Biochemical Characterization and Crystal Structure of a Novel NAD+-Dependent Isocitrate Dehydrogenase from Phaeodactylum tricornutum

Abstract

The marine diatom Phaeodactylum tricornutum originated from a series of secondary symbiotic events and has been used as a model organism for studying diatom biology. A novel type II homodimeric isocitrate dehydrogenase from P. tricornutum (PtIDH1) was expressed, purified, and identified in detail through enzymatic characterization. Kinetic analysis showed that PtIDH1 is NAD+-dependent and has no detectable activity with NADP+. The catalytic efficiency of PtIDH1 for NAD+ is 0.16 μM−1·s−1 and 0.09 μM−1·s−1 in the presence of Mn2+ and Mg2+, respectively. Unlike other bacterial homodimeric NAD-IDHs, PtIDH1 activity was allosterically regulated by the isocitrate.
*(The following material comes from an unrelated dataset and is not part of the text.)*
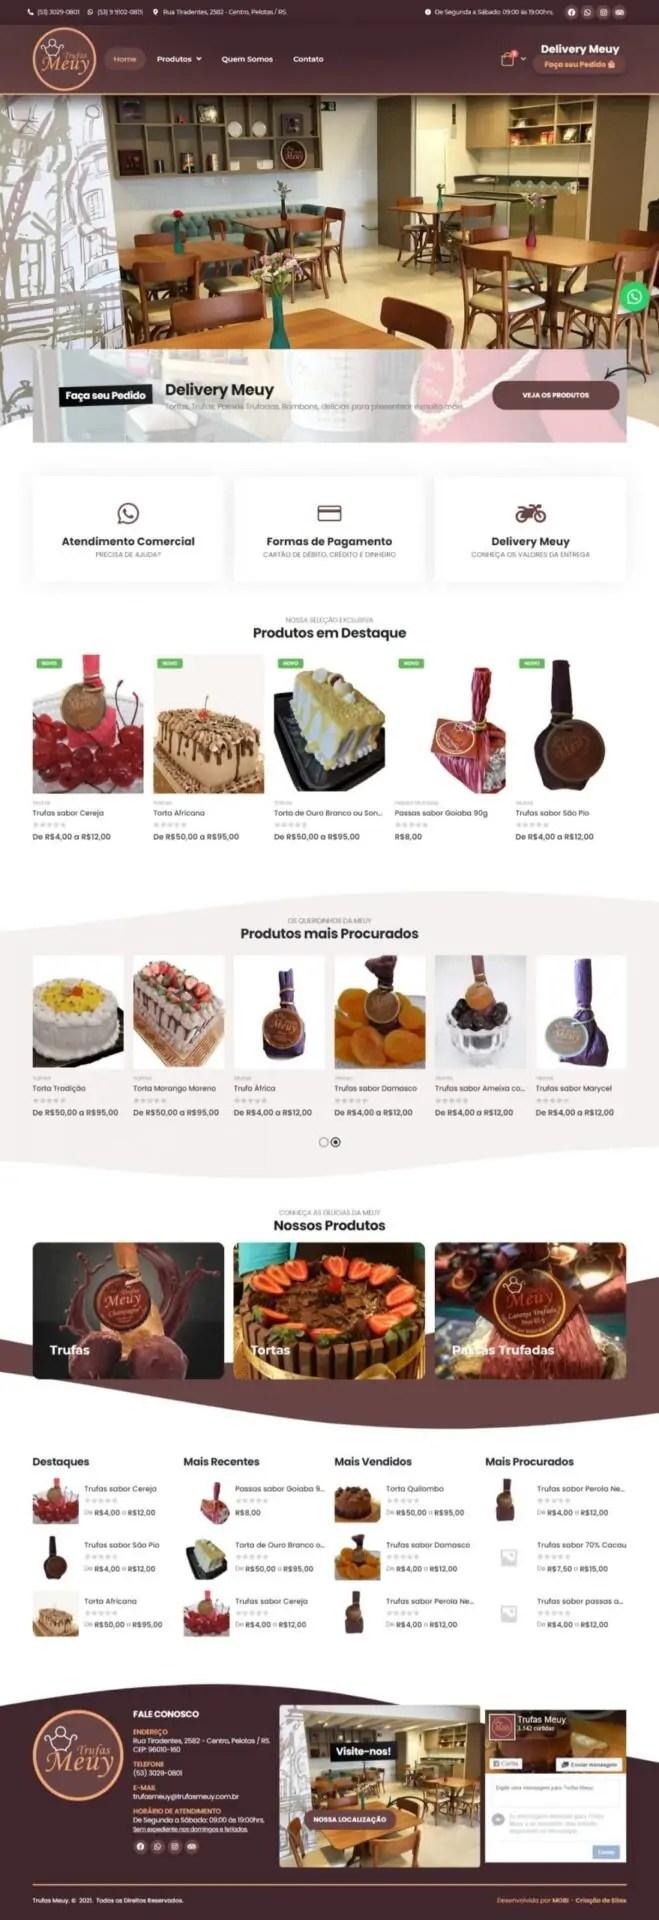 Captura da Web_19-2-2021_121946_www.trufasmeuy.com.br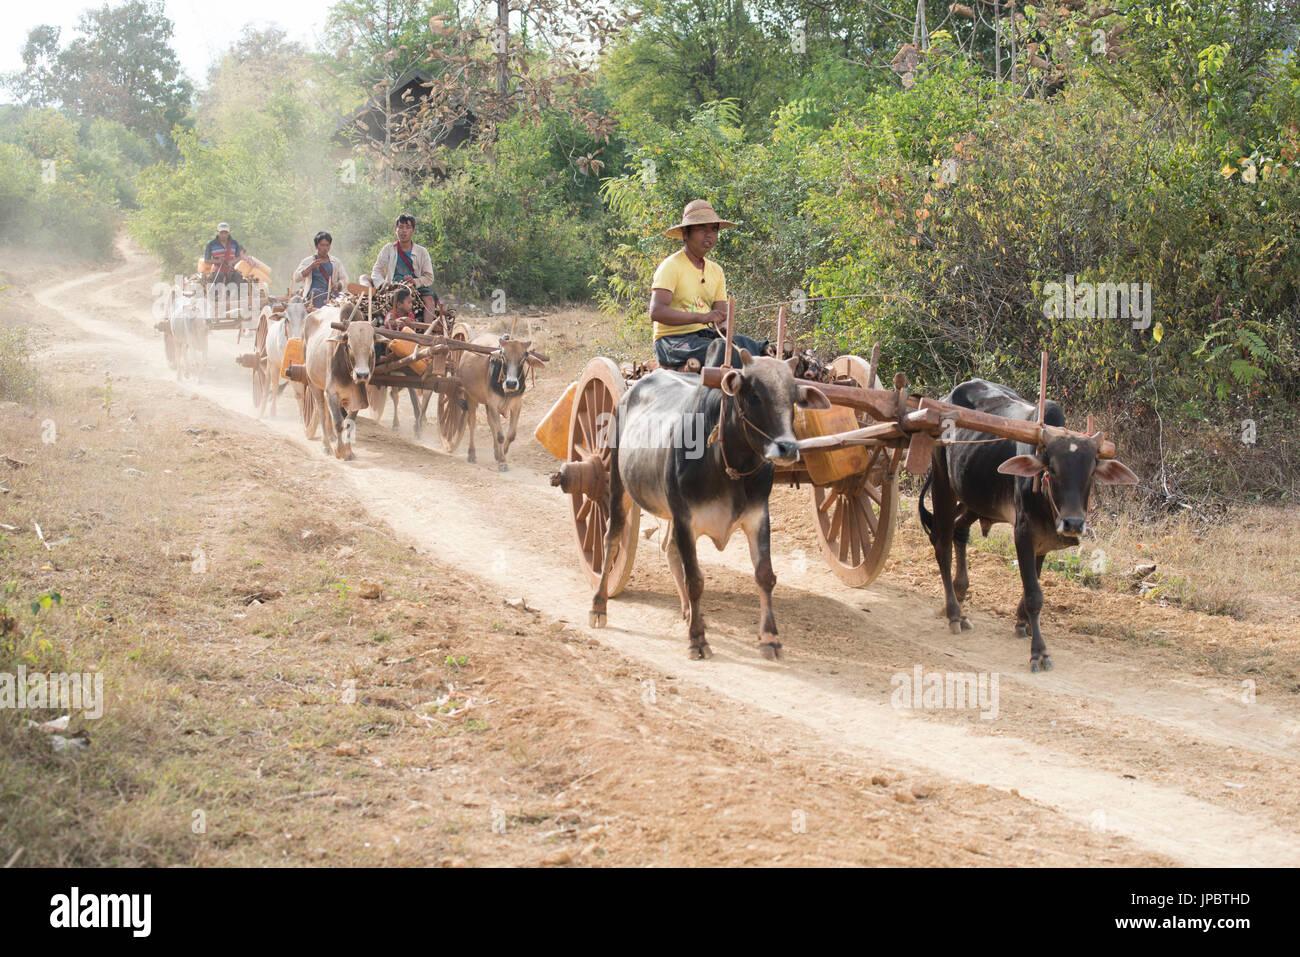 Cow Pulling Wagon : Cows pulling cart stockfotos bilder

Furthermore, the dimeric structure of PtIDH1 was determined at 2.8 Å resolution, and each subunit was resolved into four domains, similar to the eukaryotic homodimeric NADP-IDH in the type II subfamily. Interestingly, a unique and novel C-terminal EF-hand domain was first defined in PtIDH1. Deletion of this domain disrupted the intact dimeric structure and activity. Mutation of the four Ca2+-binding sites in the EF-hand significantly reduced the calcium tolerance of PtIDH1. Thus, we suggest that the EF-hand domain could be involved in the dimerization and Ca2+-coordination of PtIDH1. The current report, on the first structure of type II eukaryotic NAD-IDH, provides new information for further investigation of the evolution of the IDH family.